Audit item 412: LRA Section 3.5.2.2.1.4, first paragraph, last sentence, is revised to read as follows to delete reference to "moisture barrier" since the PNPS drywell does not contain this commodity.

The drywell steel shell and the area where the drywell shell becomes embedded in the drywell concrete floor are inspected in accordance with the Containment Inservice Inspection (IWE) Program.

LRA Table 3.5.1, line item 3.5.1-5 discussion column is revised to read as follows.

The drywell steel shell and the area where the drywell shell becomes embedded in the drywell concrete floor are inspected in accordance with the Containment Inservice Inspection (IWE) Program.

12

LICENSE RENEWAL APPLICATION CHANGES Audit item 413: LRA Table 3.5.2-1 is revised adding the following line item.
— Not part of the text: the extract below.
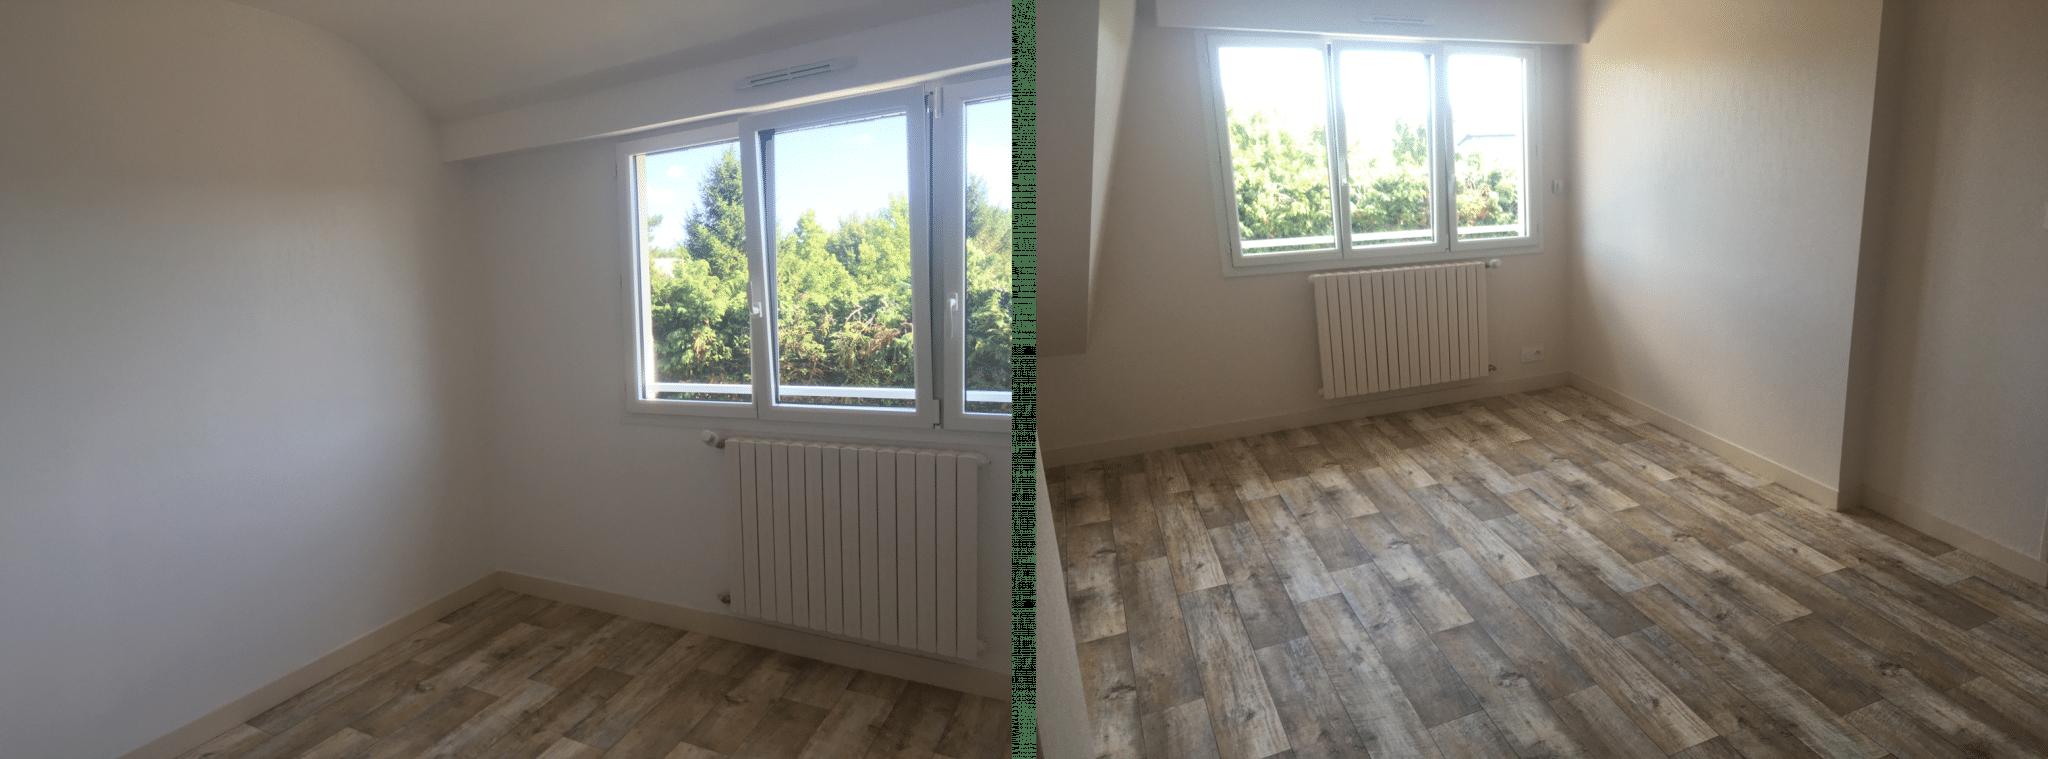 Avant/après d'une rénovation totale de maison à Arradon (56)

Torus mechanical penetrations// PB, SSR // Carbon steel// Protected from weather /

Cracking// TLAA-metal fatigue// II.B4-4(C-13) //3.5.1-9 //A LRA Table 3.5.1, line item 3.5.1-8 discussion is revised to read as follows.

Fatigue analysis is a TLAA for the torus shell. Fatigue of the vent system is event-driven and the analysis is not a TLAA. See Section 3.5.2.2.1.6.

LRA Table 3.5.1, line item 3.5.1-9 discussion is revised to read as follows.

Fatigue analysis is a TLAA for the torus penetrations. See Section 3.5.2.2.1.6.

LRA Section 3.5.2.2.1.6 is revised to read as follows.

TLAA are evaluated in accordance with 10 CFR 54.21 (c) as documented in Section 4.

Fatigue TLAAs for the torus and associated penetrations are evaluated and documented in Section 4.6.

LRA Section 3.5.2.3 is revised to read as follows.

TLAA identified for structural components and commodities include fatigue analyses for the torus and torus penetrations. These topics are discussed in Section 4.6.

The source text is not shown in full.